Cloud resource audit for Google Cloud Platform VPC Network architecture, firewall posture, and connectivity. This skill evaluates provider-specific GCP networking constructs — global VPC Network design, firewall rule priority evaluation, hierarchical firewall policies, Cloud NAT egress control, Cloud Interconnect VLAN attachments, Shared VPC host/service project topology, and Cloud Router BGP sessions — not generic cloud networking advice.

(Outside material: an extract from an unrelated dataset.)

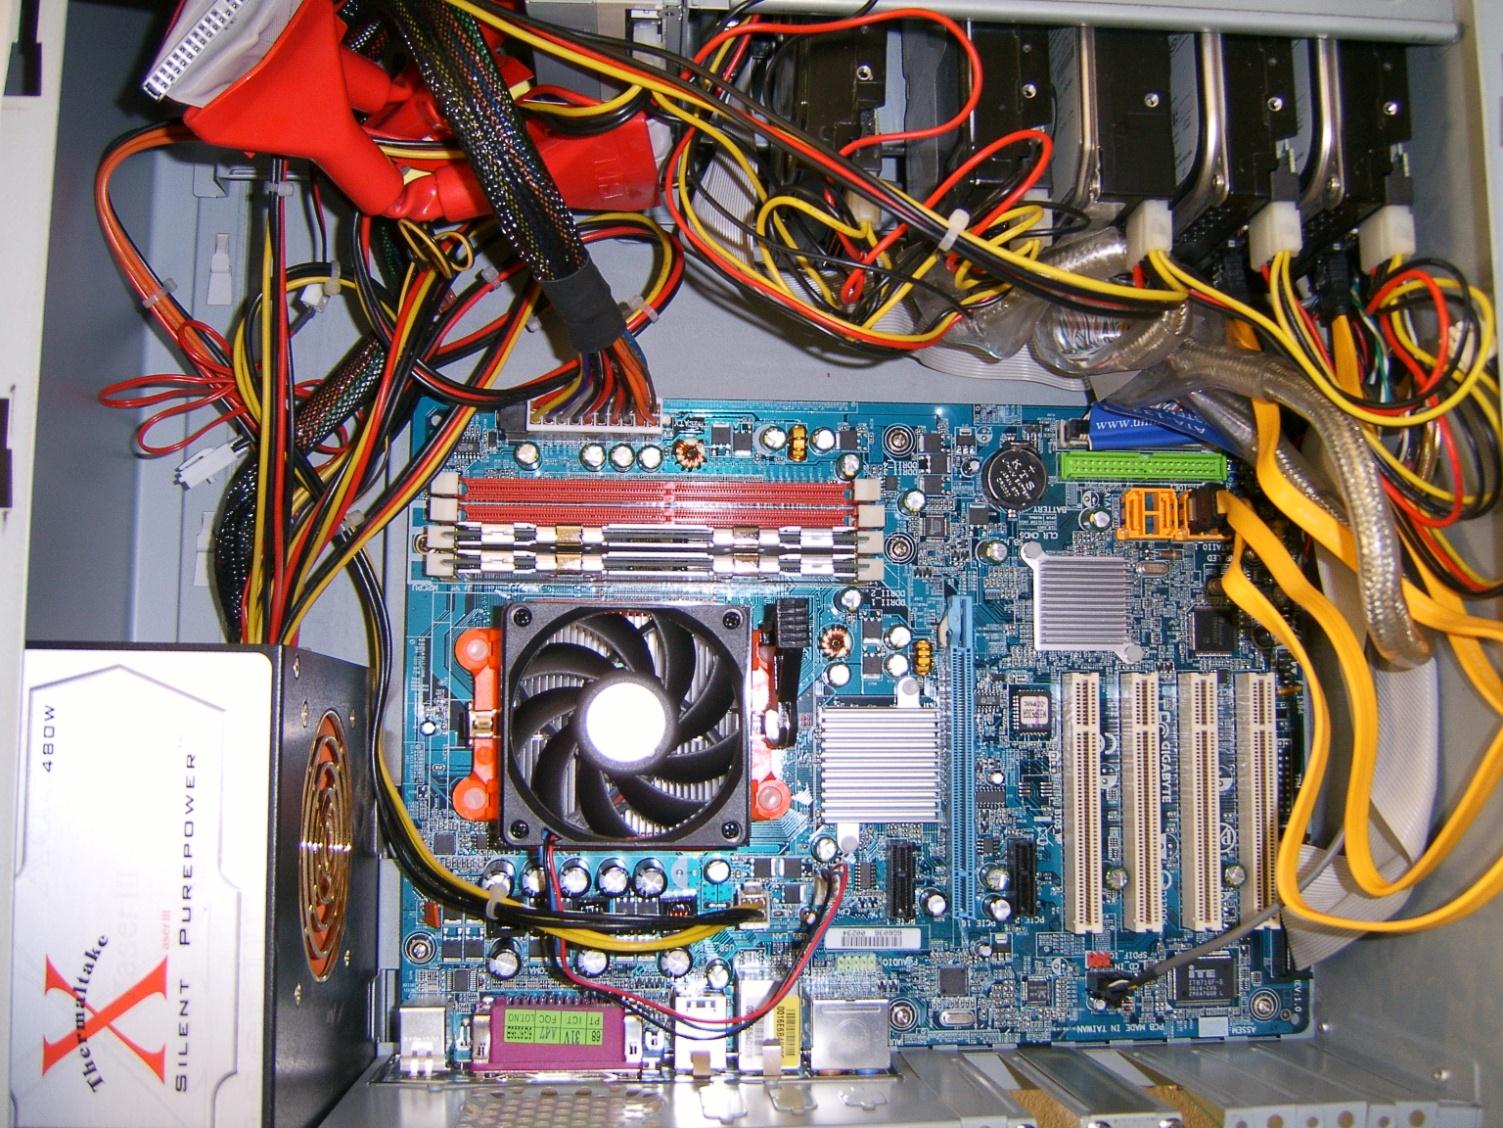 Μέσα στον Υπολογιστή Motherboard Disk drives RAM Processor under the fan and heat sink IDE SATA Power supply Keyboard, video, and other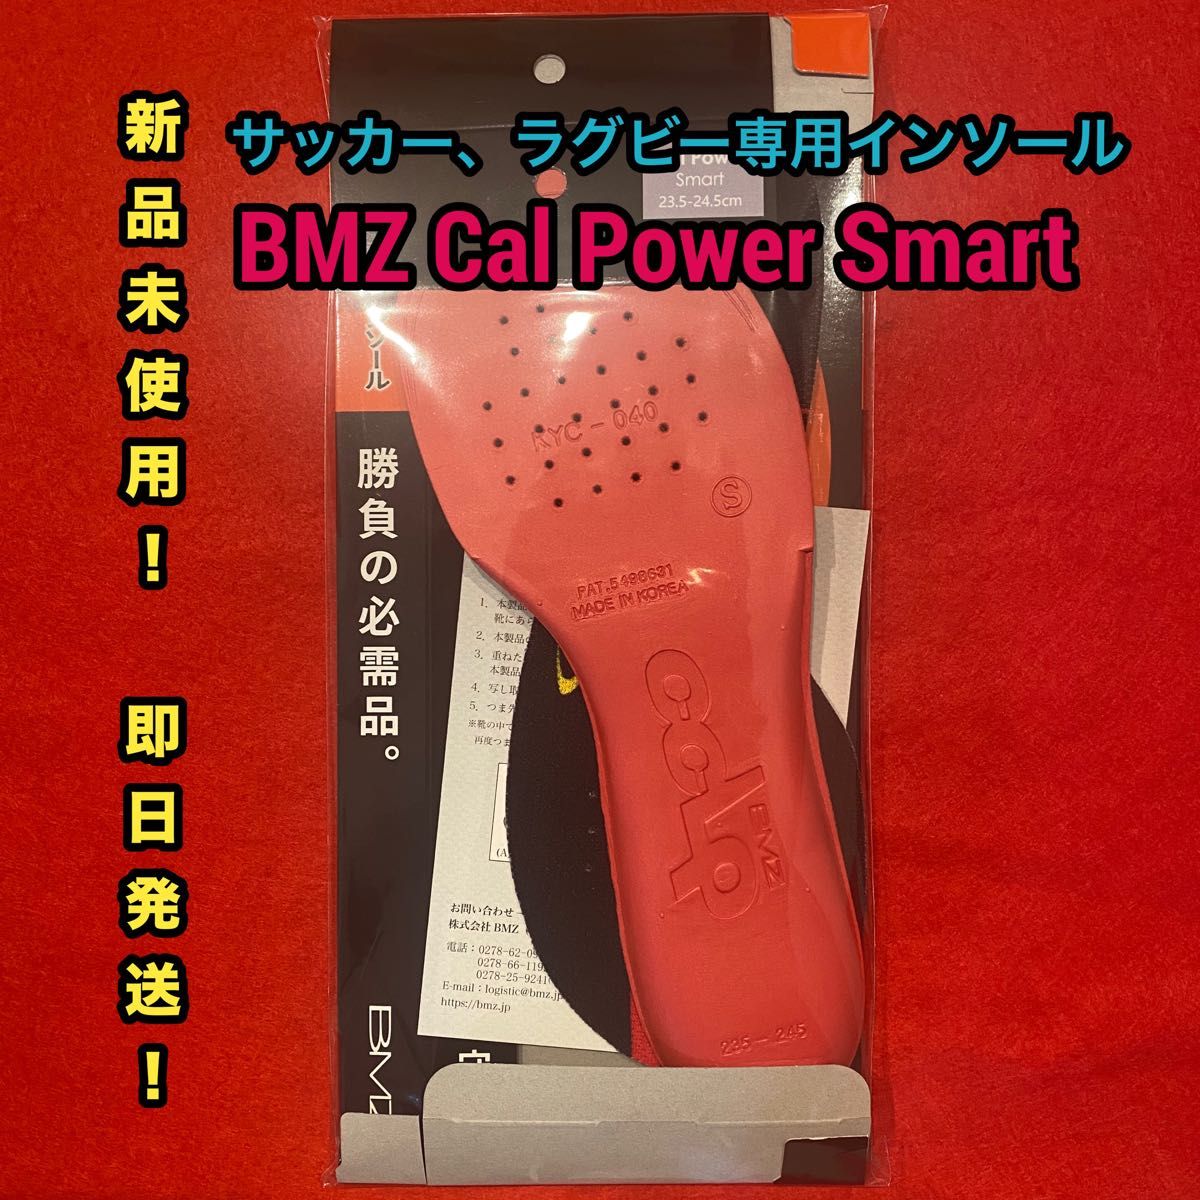 サッカー用インソール BMZ Cal Power Smart

Scope: auto-mode versus custom-mode VPC Networks, subnet IP ranges, firewall rules with target tags and service accounts, Cloud NAT port allocation, Cloud Interconnect and Cloud VPN connectivity, Shared VPC cross-project networking, Cloud Router dynamic routing. Out of scope: Cloud CDN, Cloud Armor WAF, load balancer URL maps, Cloud DNS. Reference references/cli-reference.md for read-only gcloud commands and references/vpc-architecture.md for the GCP global VPC model and firewall rule evaluation order.

When to Use

• VPC Network architecture review — evaluating auto-mode versus custom-mode selection, subnet IP ranges, and Private Google Access configuration
• Post-migration audit — verifying firewall rules, Cloud NAT egress, and Cloud Router routes after workload migration
• Security assessment — identifying permissive firewall rules using target tags, missing hierarchical firewall policies, or disabled VPC Flow Logs
• Connectivity troubleshooting — diagnosing Cloud Interconnect VLAN attachment failures, Cloud VPN tunnel errors, or Shared VPC permission issues
• Compliance preparation — documenting VPC Network segmentation, firewall rule justification, and VPC Flow Log retention
• Cost optimization — identifying unused external IPs, over-provisioned Cloud NAT gateways, and idle Cloud Interconnect attachments

Prerequisites

• gcloud CLI authenticated (gcloud auth list shows active account)
• IAM permissions — Viewer role on target project, or granular read: compute.networks.get, compute.firewalls.list, compute.routers.get, compute.interconnects.get, compute.subnetworks.list, compute.addresses.list. Shared VPC: Viewer on host and service projects. Hierarchical firewall policies: compute.firewallPolicies.get at org/folder level
• Target scope — project ID, organization ID (for hierarchical firewall policies), Shared VPC host project if applicable
• VPC Flow Logs — Step 1 checks subnet-level enablement. If no subnets have VPC Flow Logs, document as Critical

Procedure

Follow these six steps sequentially. Each builds on prior findings, moving from inventory through security analysis to optimization.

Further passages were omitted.